5. Have a social media presence

While it may not be to everyone’s taste, having a presence on social media is a large selling point to a potential publisher, and should be highlighted in your book proposal. Guaranteeing a number of sales – especially confidence-boosting pre-orders – from your followers is a tempting prospect, as is the ease of advertising allowed by simply pointing to your social media handles. In my case, having a large audience on YouTube, but also followings on Instagram, Twitter and Goodreads, was a significant reason I was afforded the opportunity to write Firmament.
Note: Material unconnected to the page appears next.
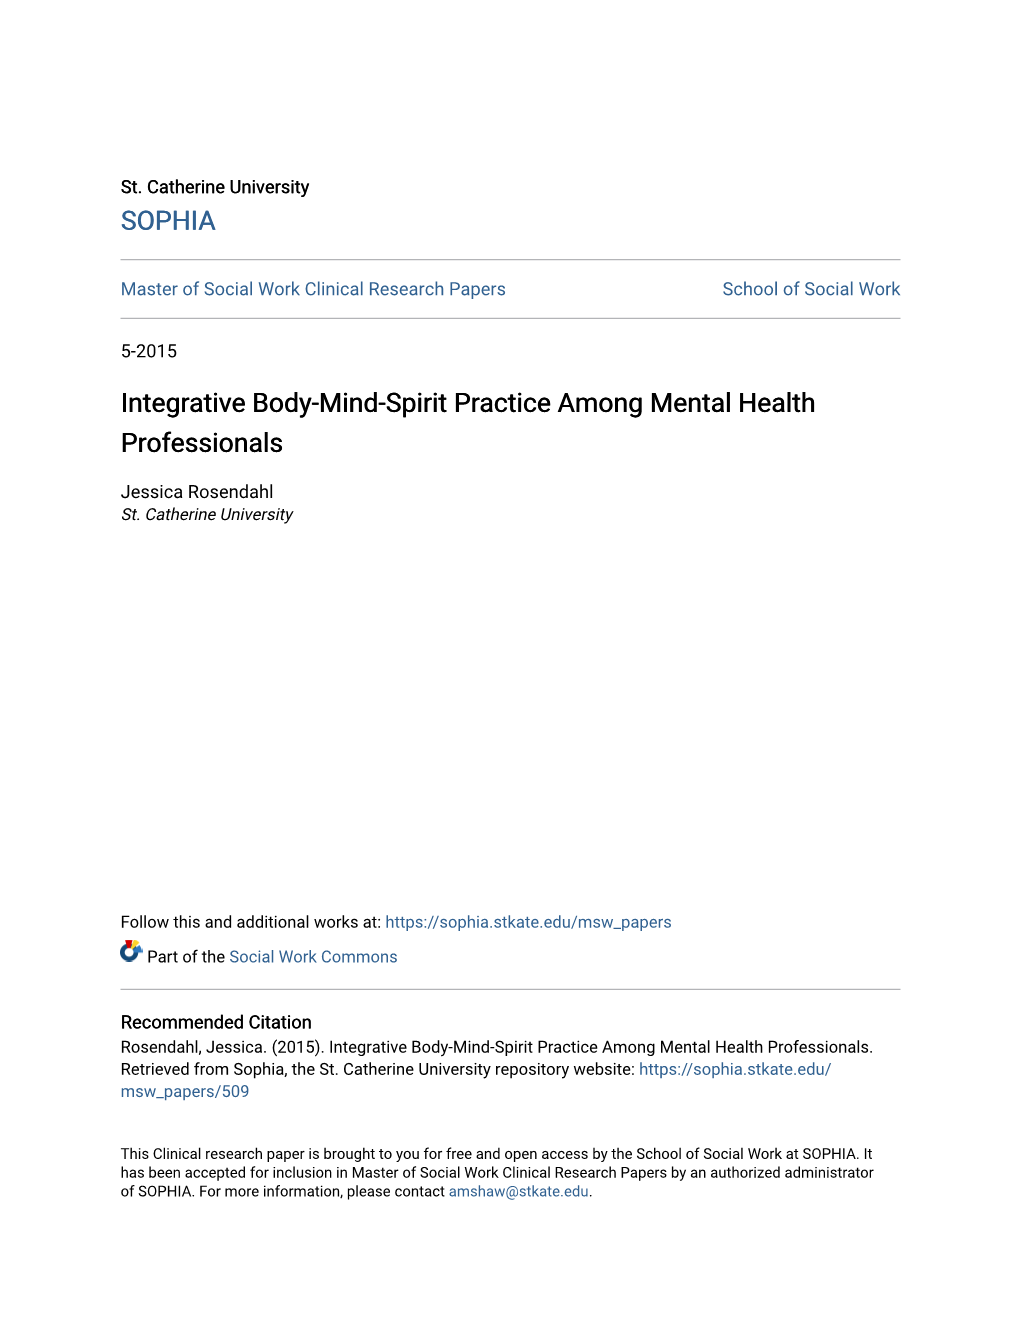 Integrative Body-Mind-Spirit Practice Among Mental Health Professionals
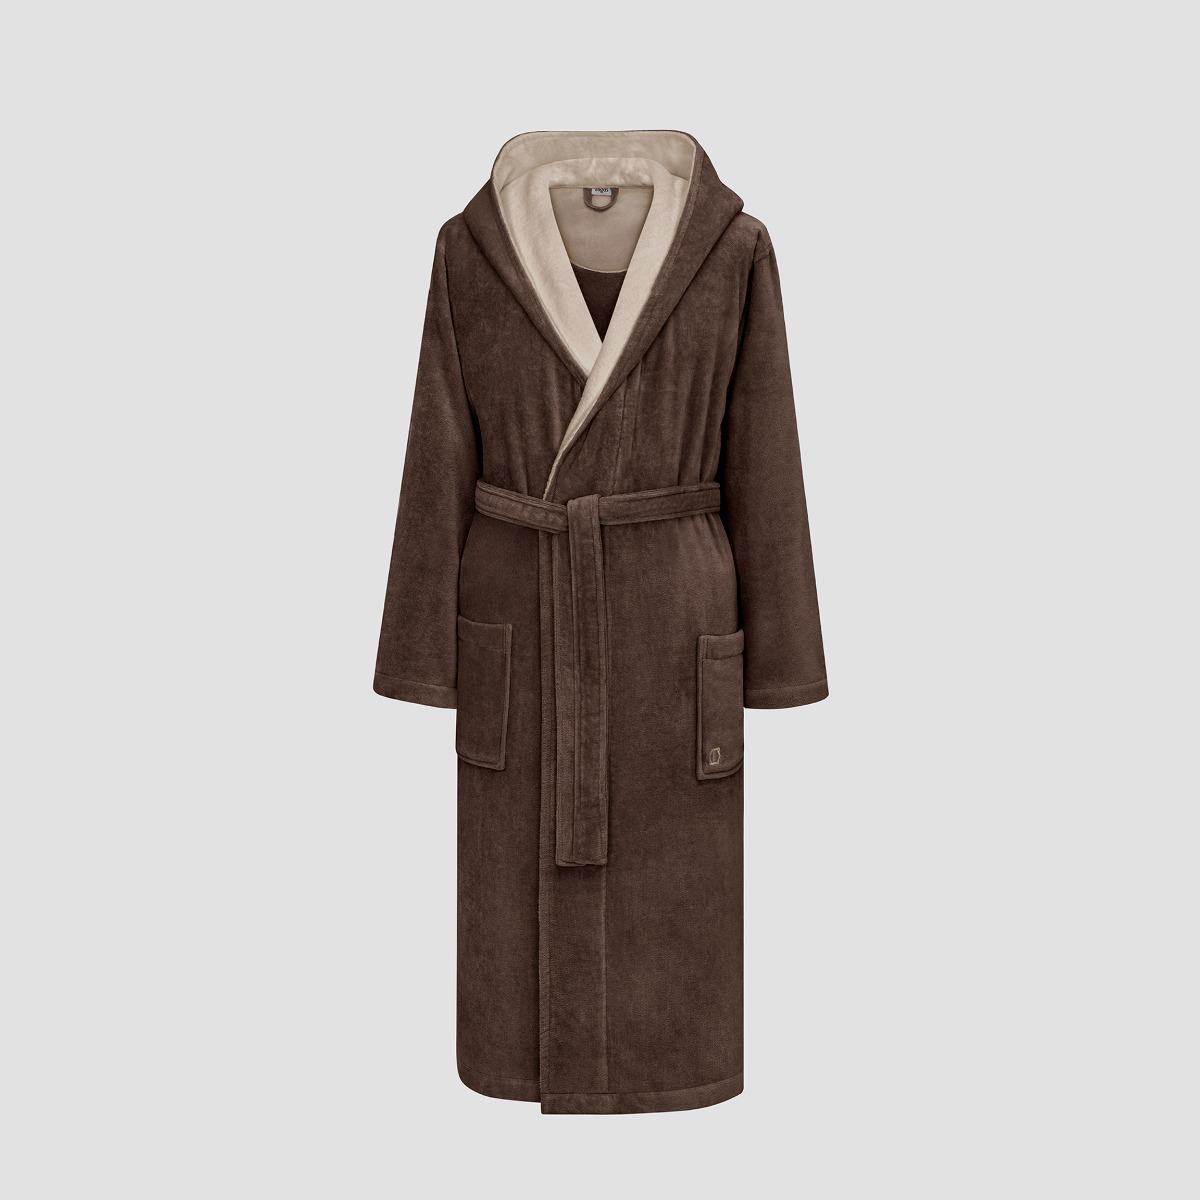 Халат Togas Арт Лайн коричневый с бежевым XL(52) халат togas арт лайн коричневый с белым м 48

6. Have an existing body of popular writing to point to

As already mentioned, the objective of the book proposal is to convince a publisher that you can be trusted to write something worth publishing and that, crucially, will generate sales. As such, having examples of your writing for a general audience will immediately give the publisher an idea of what you would produce for them, removing any uncertainty from their decision. Additionally, practising your writing for such an audience will improve your craft, and allow you to hone your authorial voice. In my case, as well as writing scripts for my YouTube videos, I published a semi-regular blog that gave me opportunities to practise my prose, with the explicit intention of eventually sending it to publishers.

While these points cannot guarantee success, they can certainly make you more appealing as an author and your project more enticing to a potential publisher. Many of them will take effort over a long period of time, and in my own case took several years. But if you have a story you believe the world needs to hear, spending a bit of time crafting the perfect proposal means that when you’re given a chance to take your shot, you won’t miss.

Simon Clark is an author, video maker and science communicator. His first book, Firmament: The Hidden Science of Weather, Climate Change and the Air That Surrounds Us (Hodder & Stoughton), was published in January.